Hi,
I have a set of intervals in a data frame and a query interval range. All I want to find the interval ranges that not only overlap with query ranges but also subsequent ranges. For an example, consider the data frame like follows:
df=data.frame(Id=rep("A1",23),start=c(11176,11176,11176,11176,11176,11176,11176,11177,11177,11177,11177,11177,11177,11178,11178,11179,11179,11179,11233,11233,11233,11233,11233),end=11205,11206,11206,11206,11206,11206,11207,11206,11206,11208,11206,11208,11209,11206,11206,11203,11204,11204,11263,11263,11263,11263,11264))
If my query range interval is 11176
and 11205
. Then in the data frame df, I would like find the intervals that overlap my query interval range and also intervals that overlap the overlapping intervals of query range.

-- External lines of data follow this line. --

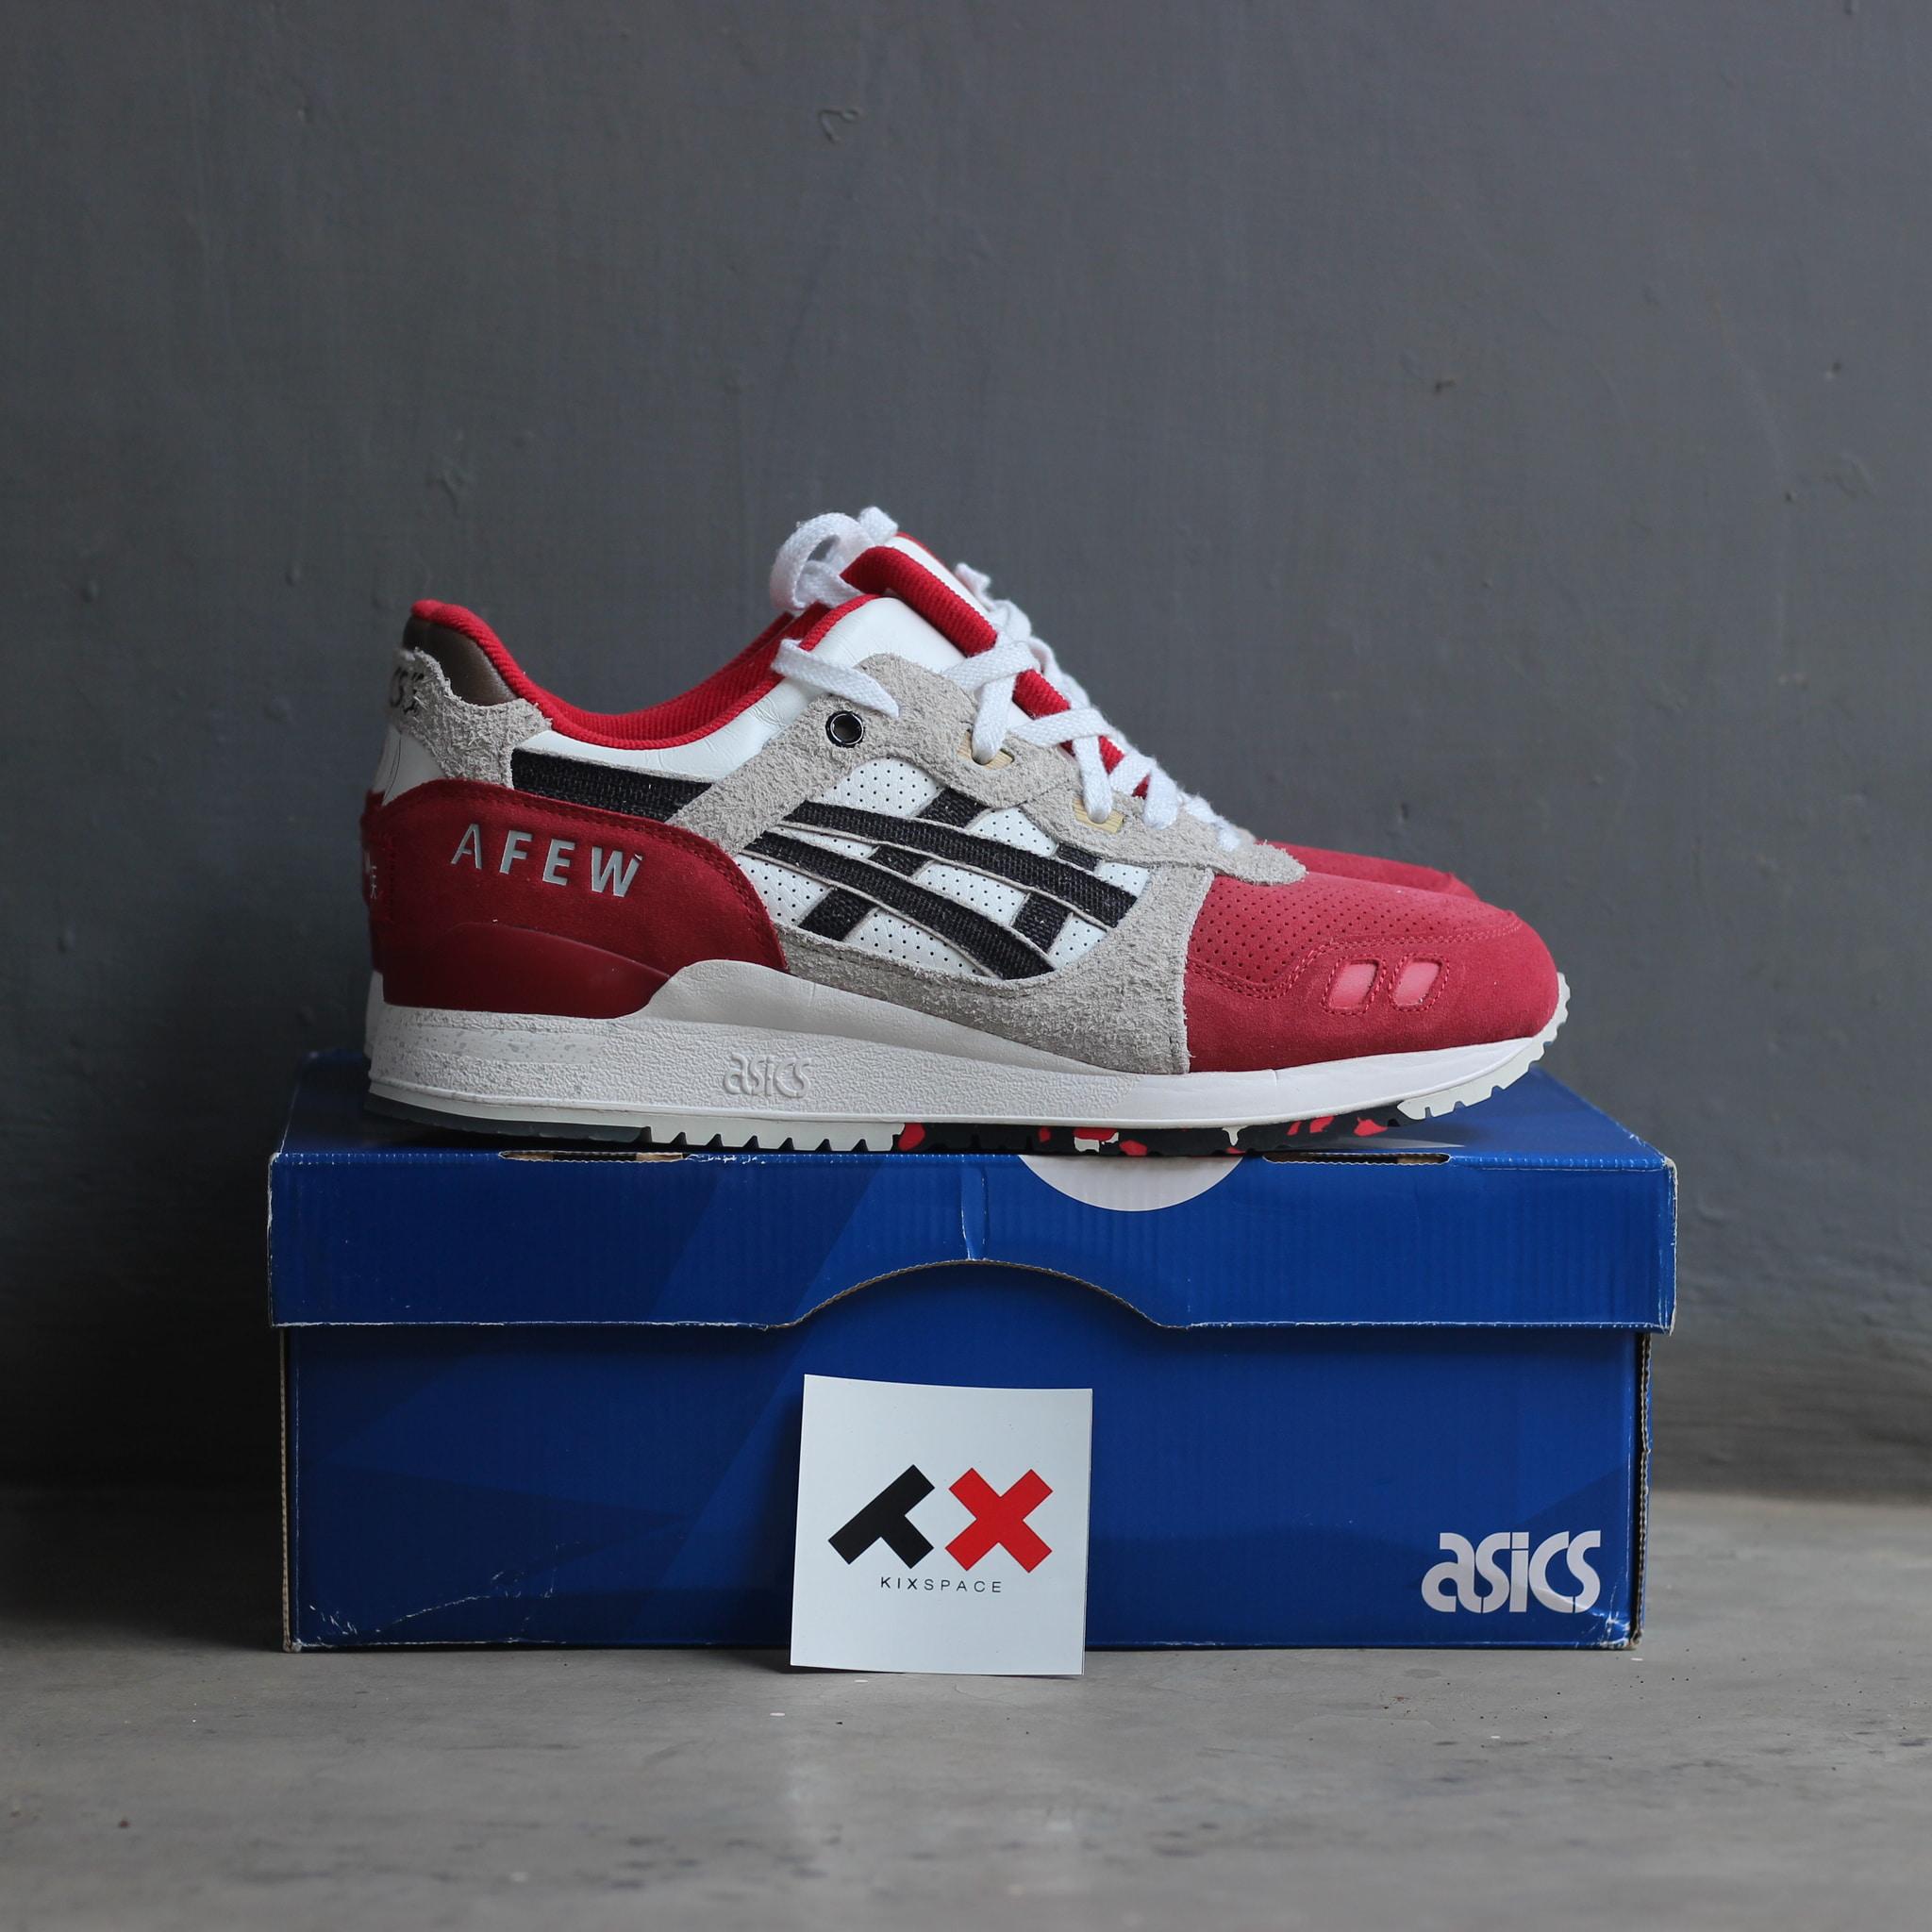 separation shoes fce6c dd79d Jual (ORIGINAL) ASICS GEL LYTE III x AFEW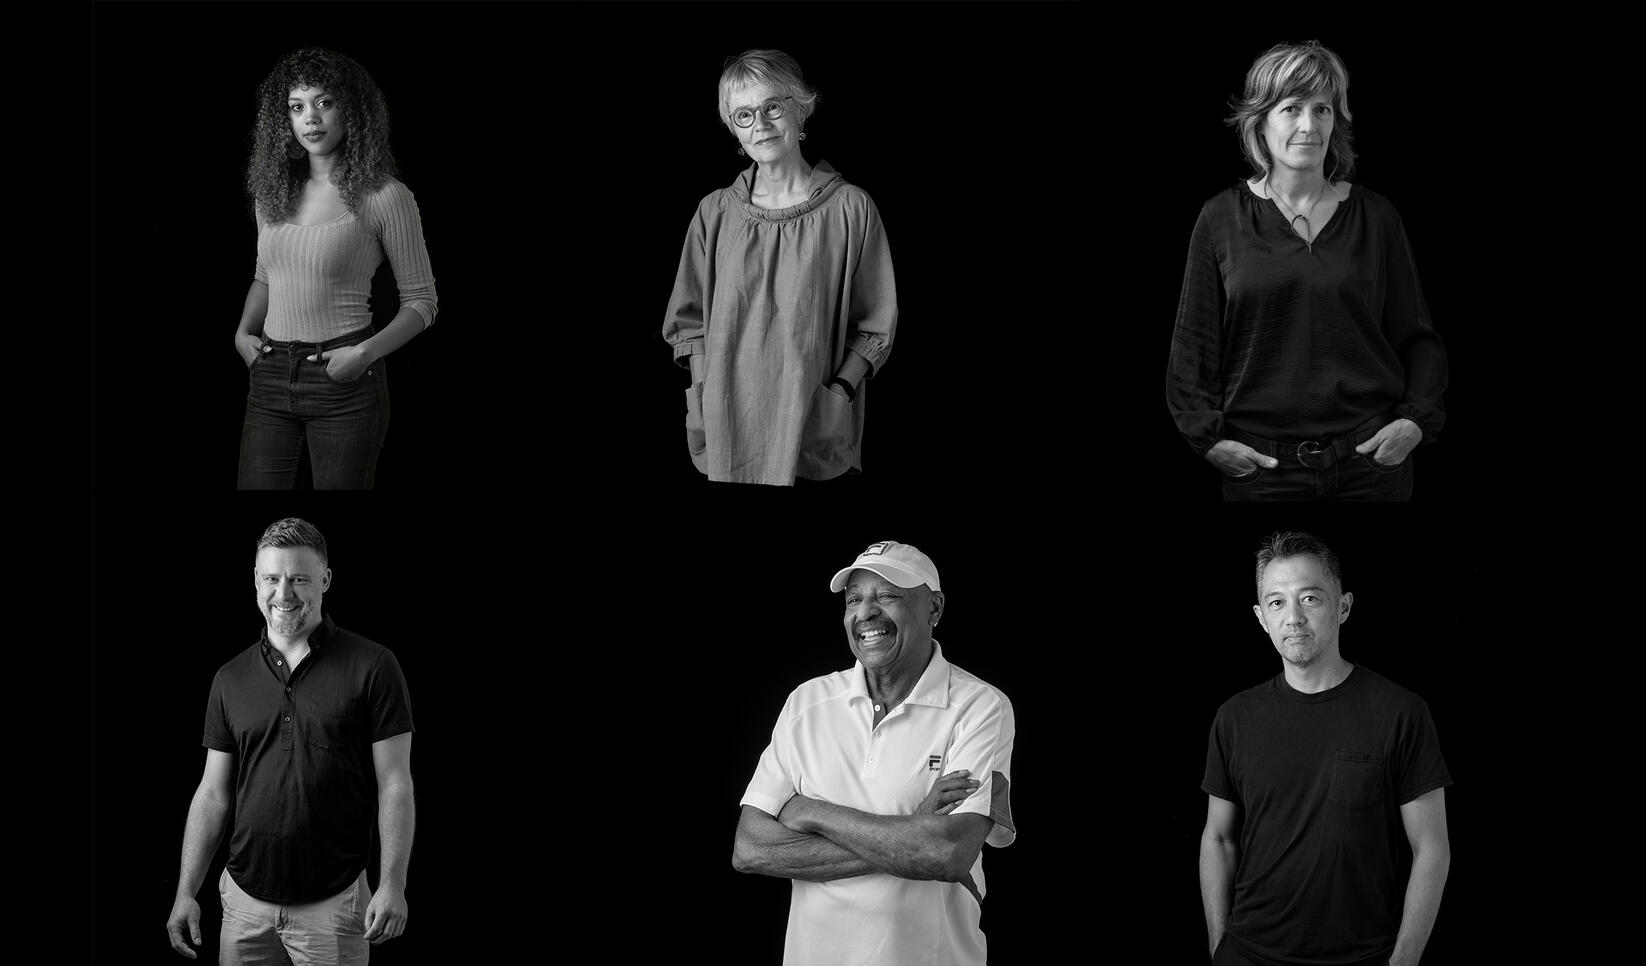 Portraits of the 2019 McKnight fellows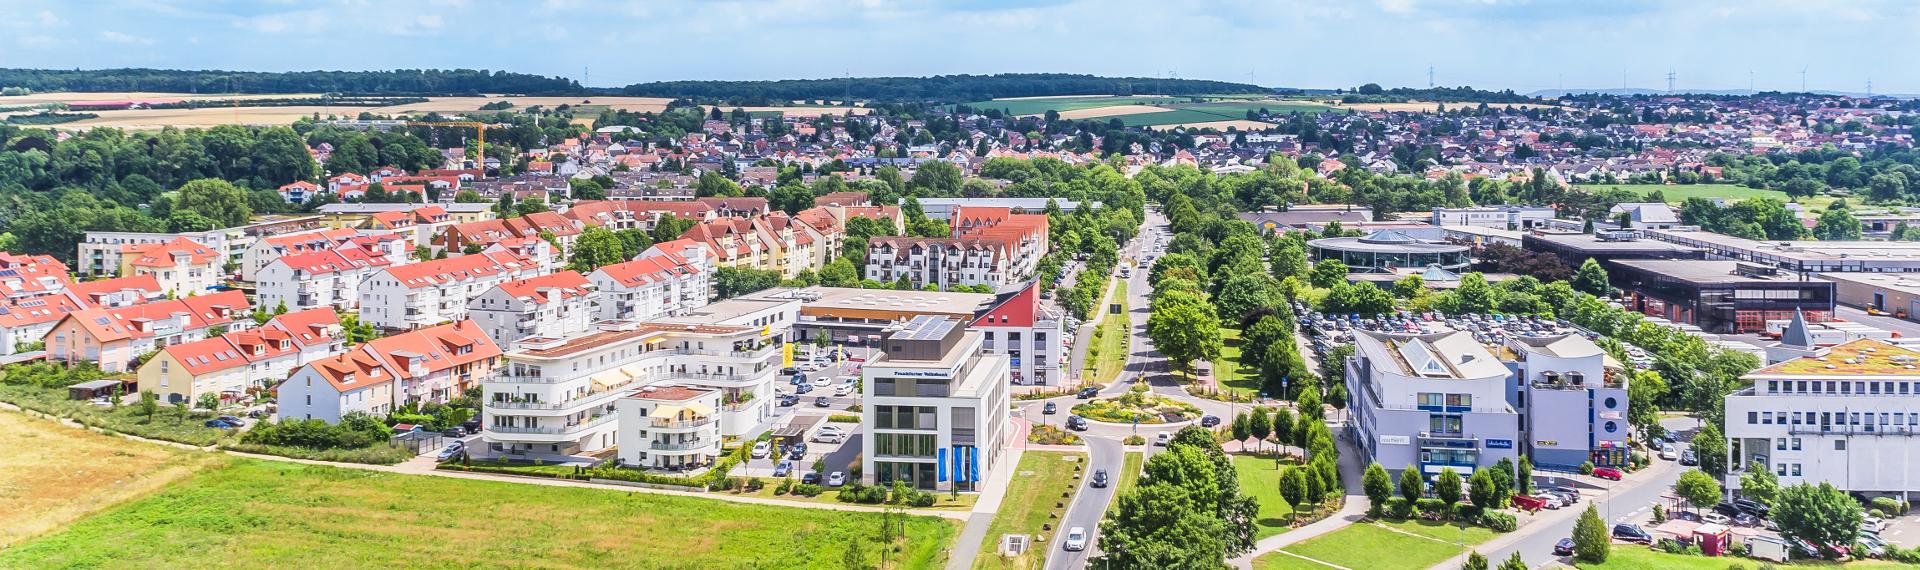 Luftbildaufnahme 2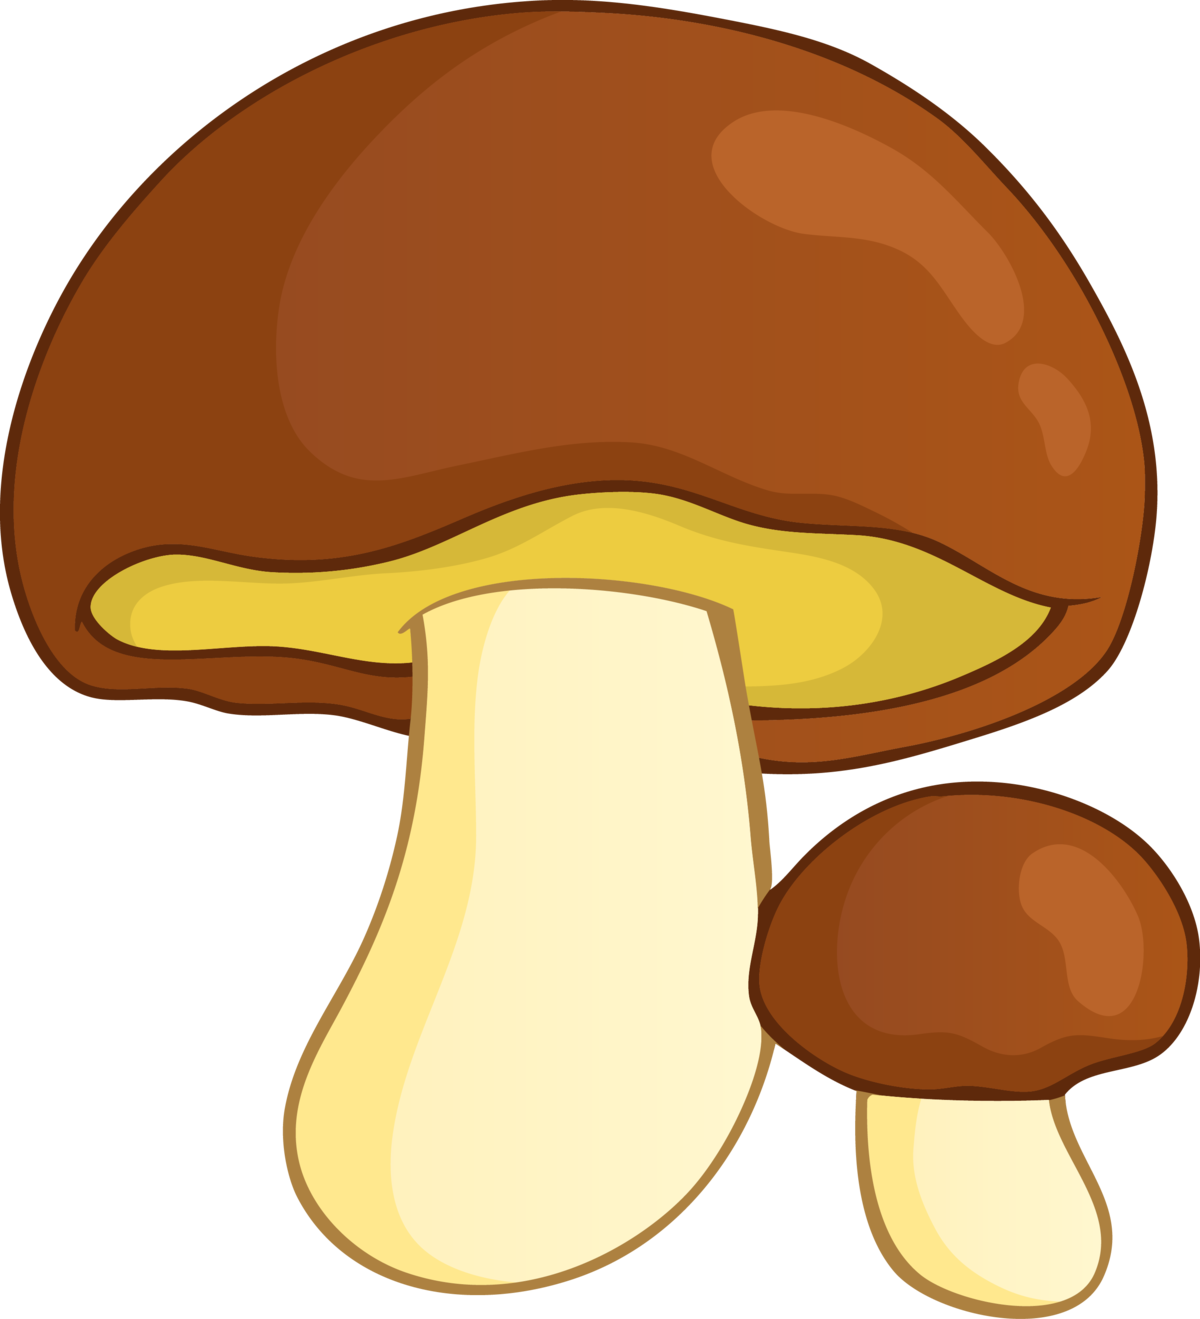 Картинка гриба нарисованная

Below is my R code but for some reasons it is not giving me the output I desire. I expect the output 11179
and 11204
but some how my code is outputting only the range 11178
and 11206
.
temp_start= 11176
temp_end=11206
for(i in 1:dim(df)[1])
{
final_start=temp_start
final_end=temp_end
if((findInterval(final_end,c(df$start[i],df$end[i]),rightmost.closed = T,left.open = T)==1L) || (findInterval(final_start,c(df$start[i],df$end[i]),rightmost.closed = T,left.open = T)==1L))
{
final_start=df$start[i]
final_end=df$end[i]
print(final_start)
print(final_end)
}
}
The above code take the query_start(11176
) and query_end(11206
) as input. Later I check either the temp_start or temp_end must be be within the ranges of the interval ranges in data frame df
. If it is then this interval range is taken and being checked whether this interval's range start or end must be within the range of next interval range in for loop.
Any guidance would be highly appreciated. thanks in advance.
There is a typo in your first example, you should add "=c(" after "end" in the declaration of df. Moreover this dataframe seems to contain many identical duplicated entries. In any case I would recommend you GRanges for working with genomic ranges.